The memory 5700 may store programs necessary for processing and control performed by the processor 5100 and pieces of input/output data (e.g., recipe information, area tables, spacing tables, size information for cropped areas, distortion correction values, brightness level tables, etc.). The memory 5700 may store an AI model. For example, the memory 5700 may store an AI model for object recognition, an AI model for recipe recommendation, etc.

The memory 5700 may include at least one type of storage medium, i.e., at least one of a flash memory-type memory, a hard disk-type memory, a multimedia card micro-type memory, a card-type memory (e.g., an SD card or an XD memory), RAM, SRAM, ROM, EEPROM, PROM, a magnetic memory, a magnetic disc, or an optical disc. In addition, the oven 5000 may interwork with a web storage or cloud server that performs a storage function on the Internet.
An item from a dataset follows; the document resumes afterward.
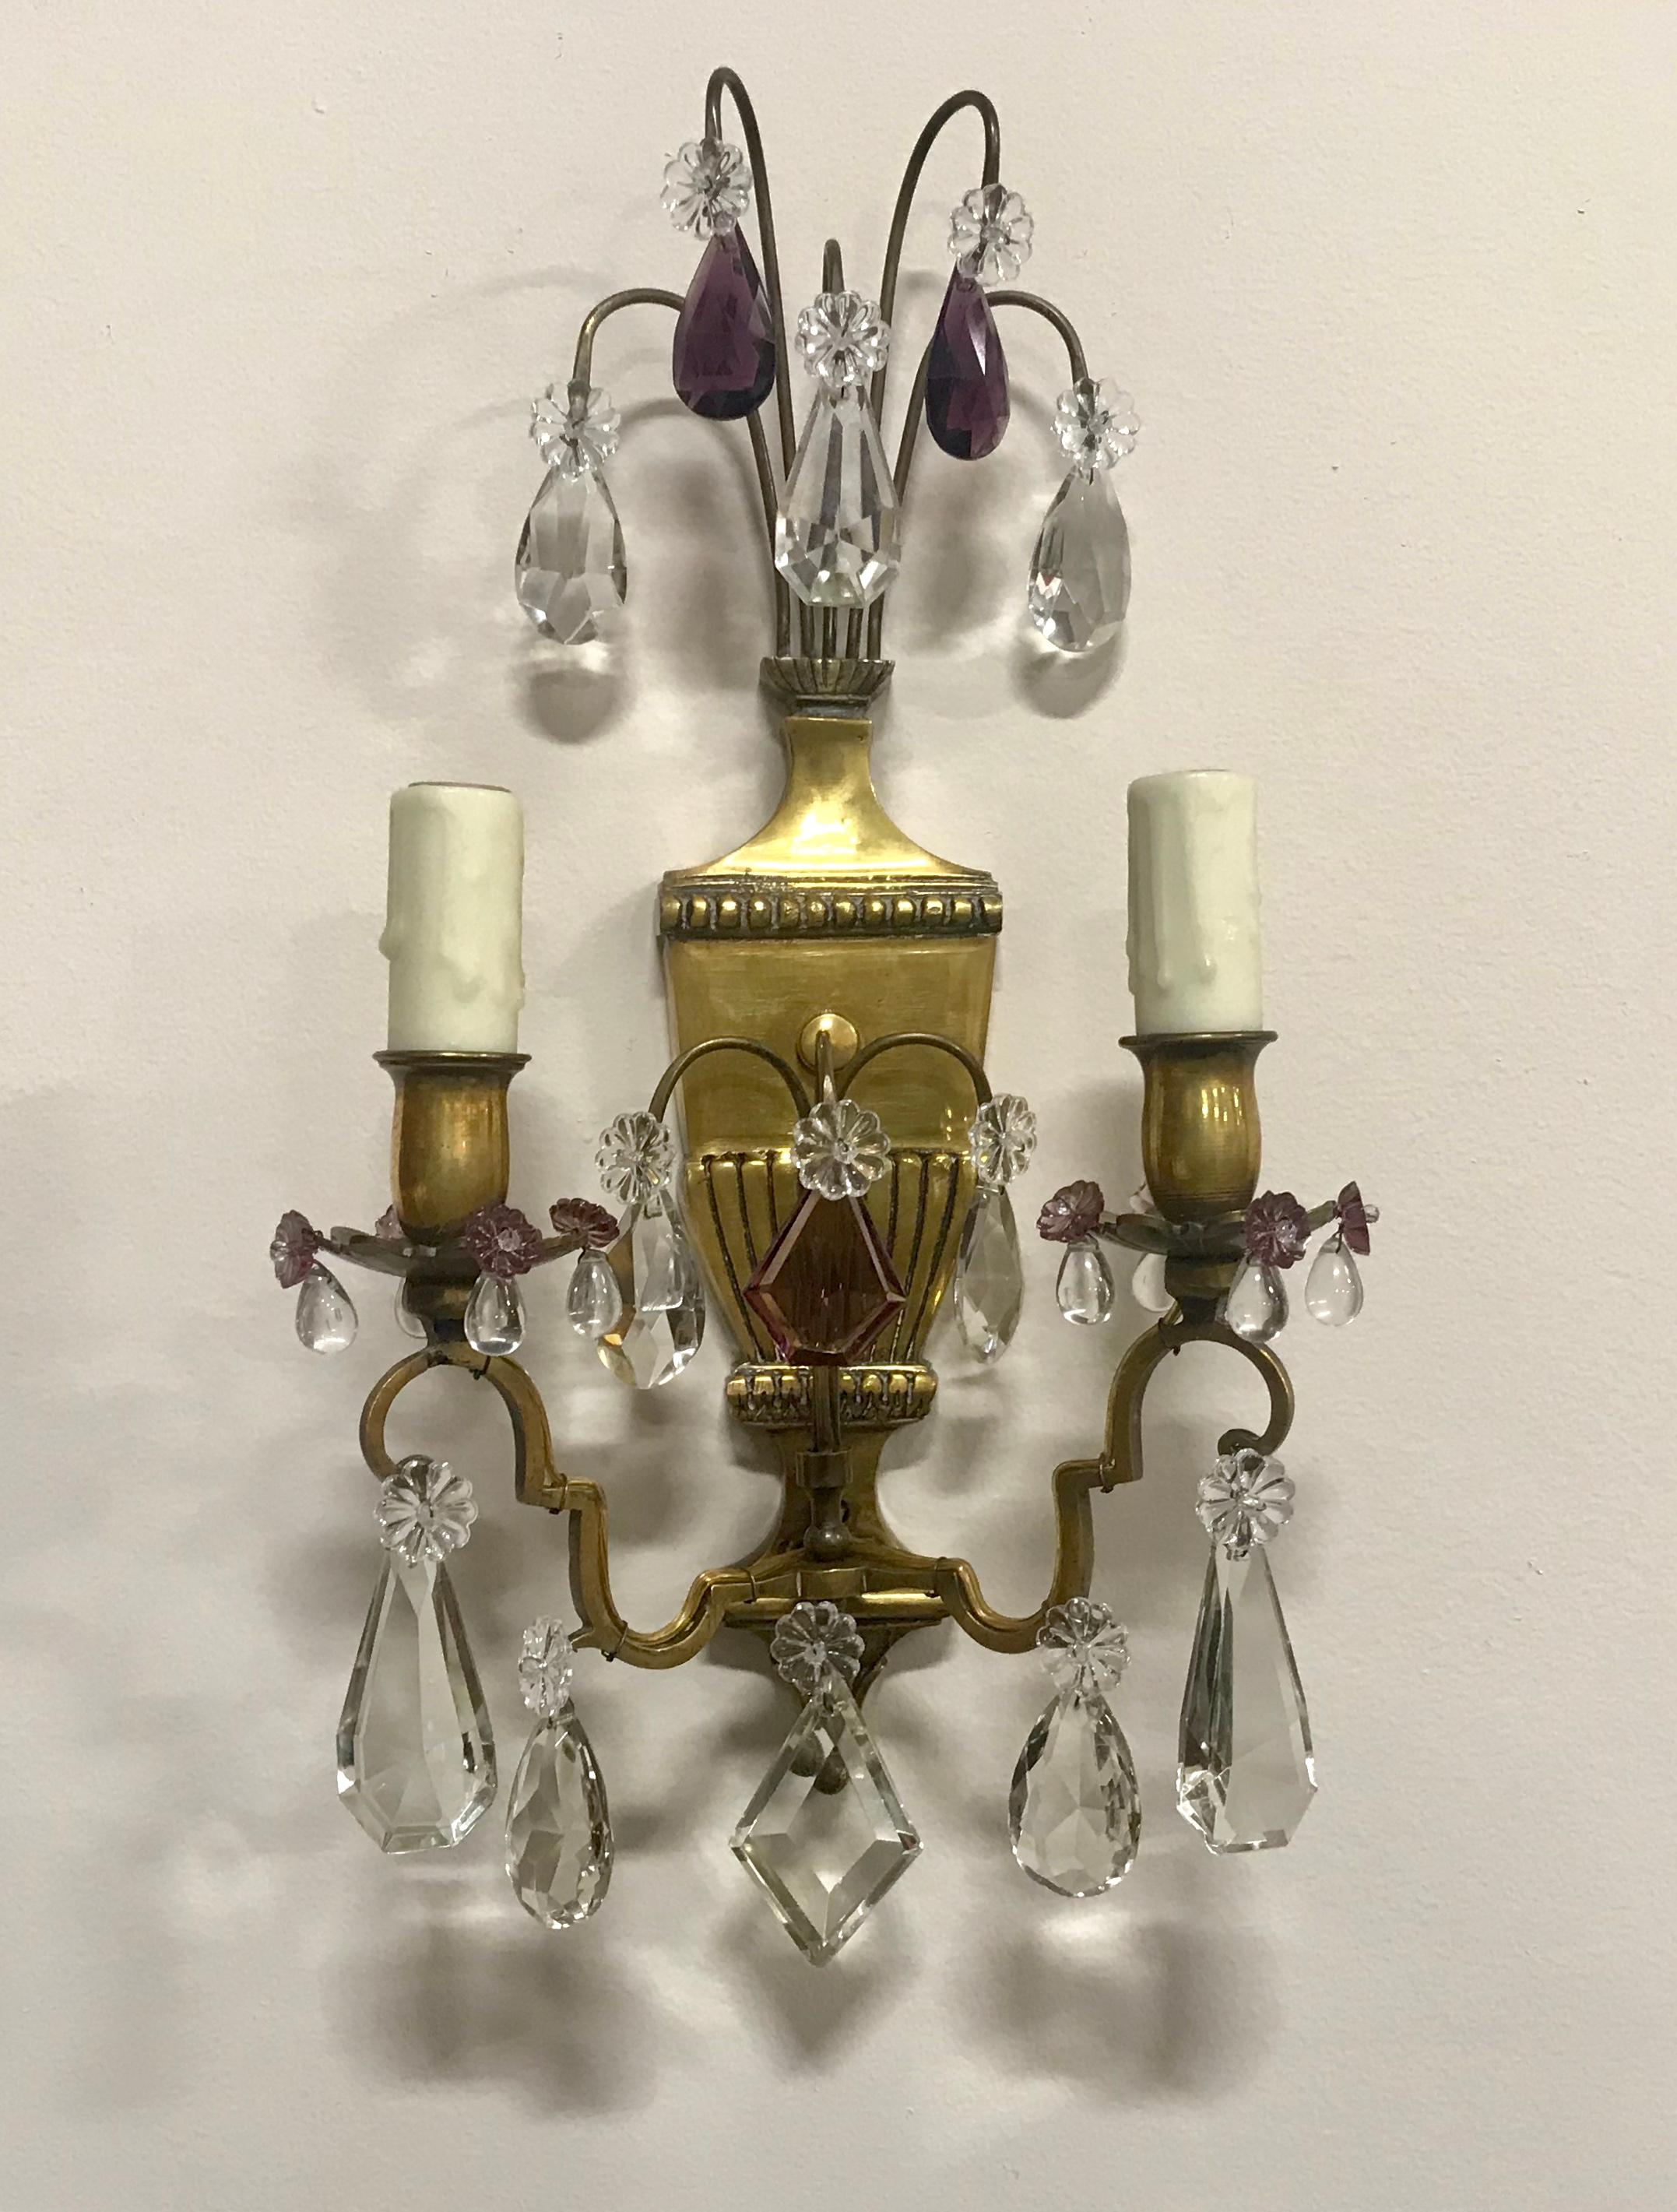 Wunderschöne französische Messing- und Kristallleuchten aus den 1940er Jahren im neoklassischen Stil. Die urnenförmigen Leuchter aus Messing sind mit einer Auswahl an Kristallprismen in verschiedenen Formen und Größen verziert, darunter auch einige

The driver 5200 may include a heater 5210, a circulation fan 132, and a cooling fan 5230, but is not limited thereto. The driver 5200 may be changed according to a type of the oven 5000.
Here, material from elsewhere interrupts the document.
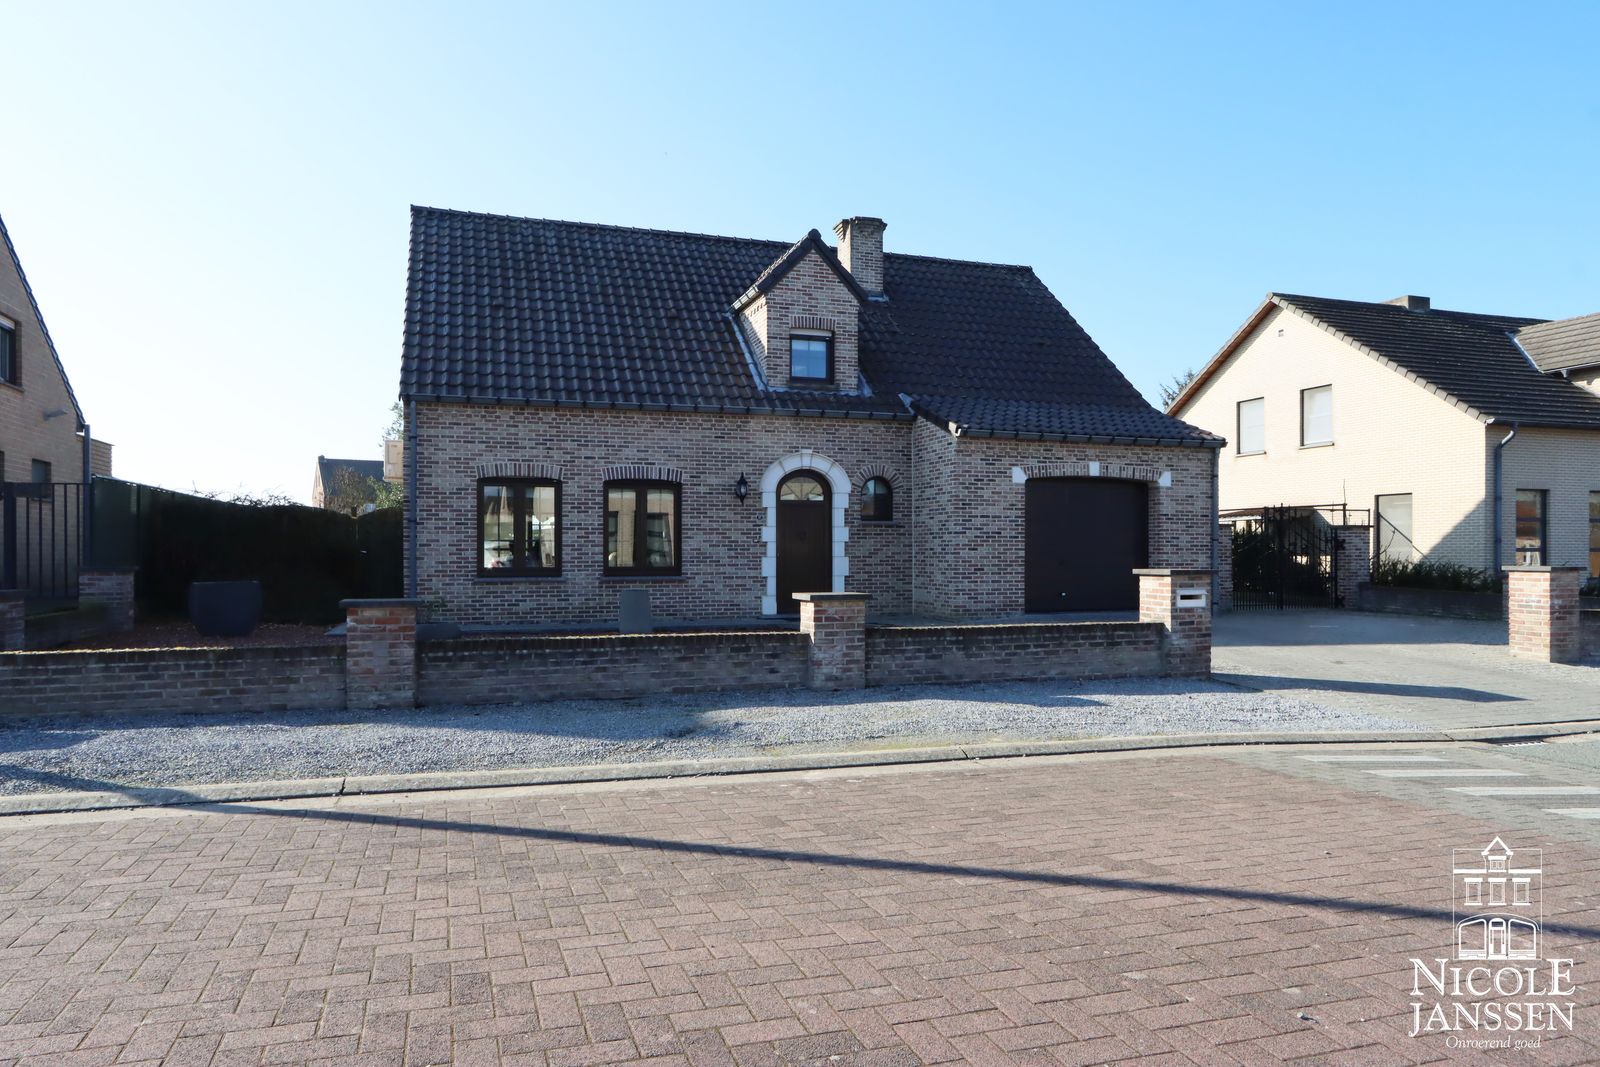 1 Nicole Janssen - huis te koop - H Van Veldekesstraat 17 te Maaseik - voorzijde2.jpg

The heater 5210 for heating food may be provided in an inner space (e.g., a cooking compartment) of the oven 5000. The heater 5210 may be an electric heater including an electric resistor or a gas heater that generates heat by burning gas.

A circulation fan 5220 for evenly heating food by circulating internal air and a circulation motor for driving the circulation fan 5220 may be provided at the rear of the inner space (the cooking compartment). In addition, a fan cover covering the circulation fan 5220 may be provided in front of the circulation fan 5220, and has a through hole formed therein to allow air to flow.

The cooling fan 5230 may be a centrifugal fan that sucks in air from the top and discharges it in a radial direction. The cooling fan 5230 may be provided in a cooling passage. The cooling fan 5230 may include a flat rotating plate, a hub provided at a center of the rotating plate and coupled to a rotation shaft of a cooling motor, and a plurality of wings arranged from the center of the rotating plate to an edge portion thereof. The hub may be formed in a conical shape with a radius increasing toward a bottom, thus diffusing air sucked in from the top in a downward direction.

The sensor unit 5300 may include, but is not limited to, a depth sensor 5310, a weight sensor 5320, an infrared sensor 5330, a humidity sensor 5340 for sensing humidity of an inner space, a gas sensor 5350 for sensing the level of gas in the inner space, and a temperature sensor 5360. Because one of ordinary skill in the art may intuitively infer a function of each sensor from its name, a detailed description thereof will be omitted.

The communication module 5400 may include one or more components that enable communication between the oven 5000 and a server apparatus (not shown) or between the oven 5000 and a mobile terminal (not shown). For example, the communication module 5400 may include a short-range communication module 5410, a long-range communication module 5420, etc.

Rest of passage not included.